Акт второй: вбегают четверо в полосатых штанах и куртках с бритвами, кисточками и машинками для стрижки волос, у каждого на груди пришит номер. Возможно, они из тех, кого мы видели сегодня вечером (сегодня или вчера?), правда, у этих вид покрепче, поздоровей. Мы наперебой задаем вопросы, много вопросов, но они, не отвечая, хватают нас, и вот мы уже все обриты наголо. Как же уродливы наши лица без волос! Эти четверо говорят на каком-то несусветном языке, могу поручиться, что не на немецком, немецкий я немного знаю.
Затем открывается другая дверь, и нас, голых и обритых, загоняют в душевую и запирают всех вместе. Стоя по щиколотку в воде, мы понемногу выходим из оцепенения и начинаем задавать вопросы, на которые никто не может ответить. Если мы, голые, находимся в душевой, значит, будем мыться. Если будем мыться, значит, пока нас убивать не будут. Но почему тогда нас заставляют столько времени стоять, не дают пить, ничего не объясняют, почему отобрали обувь и одежду, почему держат раздетыми на холоде, по щиколотку в воде, почему после пяти дней пути мы не можем даже присесть?
А что с нашими женщинами?
Как я думаю, спрашивает меня инженер Леви, где сейчас наши женщины? Стоят, как и мы, в душевой? Увидим ли мы их еще когда-нибудь? Отвечаю, что увидим, ведь у него здесь жена и маленькая дочка, обязательно увидим. Но в глубине души я не сомневаюсь, что все это — чистая комедия: сначала они посмеются, поиздеваются над нами, а потом обязательно убьют. Только сумасшедший может надеяться выжить, но я не сумасшедший, я понимаю, что скоро все кончится, может быть, прямо здесь, в душевой, когда им наскучит смотреть, как мы танцуем то на одной, то на другой ноге, как пытаемся опуститься на пол, но сидеть голыми в ледяной воде, покрывающей на три пальца пол, невозможно, и мы снова поднимаемся на ноги.

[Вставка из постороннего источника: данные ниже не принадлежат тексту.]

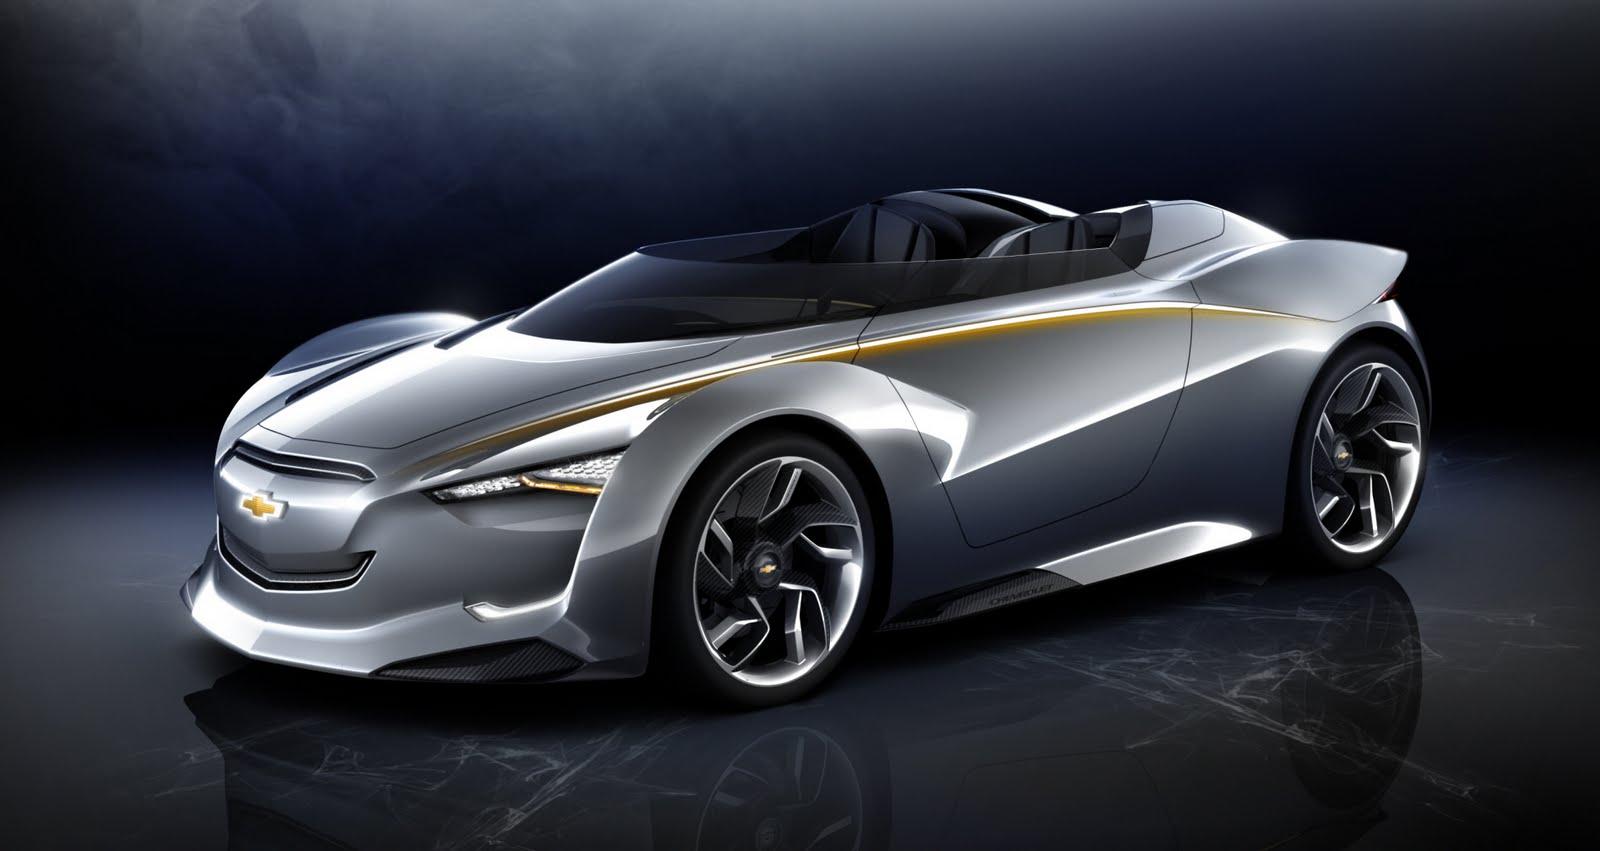 Seoul Motor Show 2011, Chevrolet Mi-ray Roadster Concept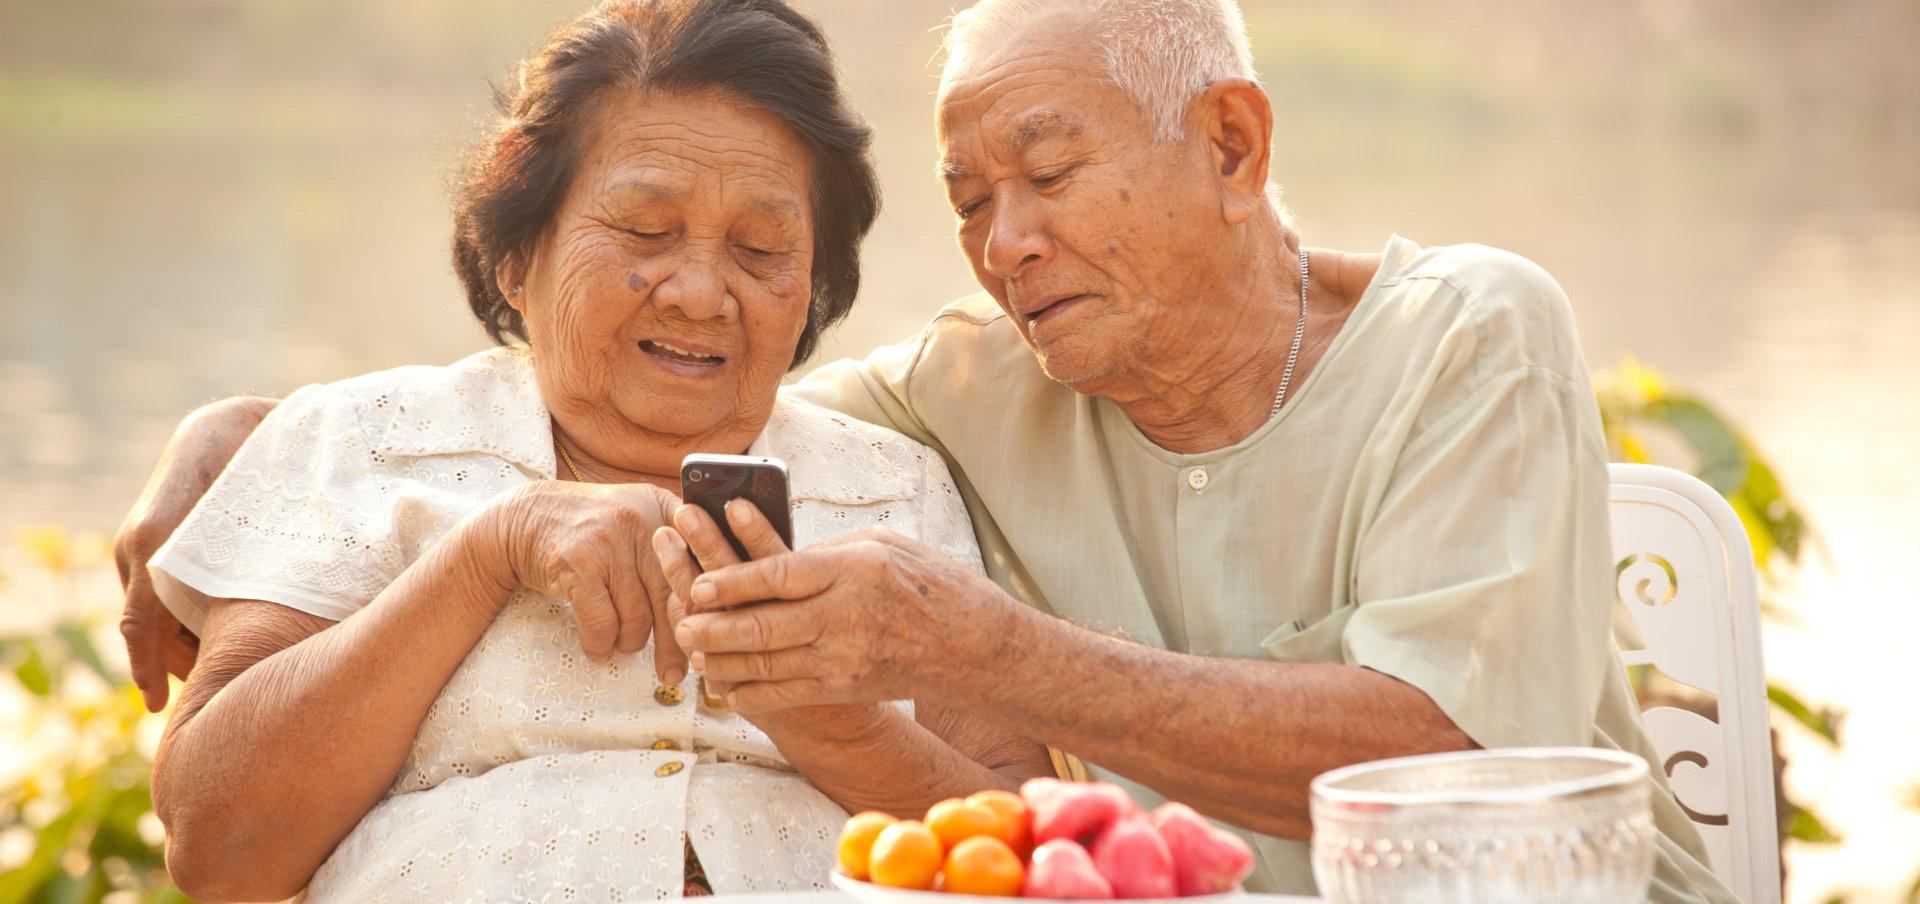 elder couple using mobile phone

Так, не прерывая своих бестолковых движений, мы разговариваем, иногда одновременно в несколько голосов, поэтому становится шумно. Открывается дверь, входит немец, тот первый эсэсовец. Он бросает что-то резкое, Флеш переводит:
— Господин обершарфюрер говорит, что вы должны вести себя тише, здесь не синагога.
Чувствуется, что он через силу произносит эти чужие, злобные слова, как будто выплевывает застрявший в горле несъедобный кусок. Мы умоляем его спросить у немца, чего мы ждем, сколько нам еще здесь стоять, что с нашими женщинами и еще много всего, но он отказывается, говорит, не будет спрашивать. Переводя нам скрепя сердце леденящие немецкие фразы, Флеш не хочет переводить наши вопросы, он знает, что это бесполезно. Этот замкнутый молчаливый человек, которому уже за пятьдесят, с глубоким шрамом на лице, оставшимся после ранения под Пьяве, где он участвовал в боях против итальянцев, — немецкий еврей. Я испытываю к нему невольное уважение, поскольку предполагаю, что его страдания начались раньше наших. Немец уходит, теперь мы молчим, хотя нам и стыдно немного, что мы молчим.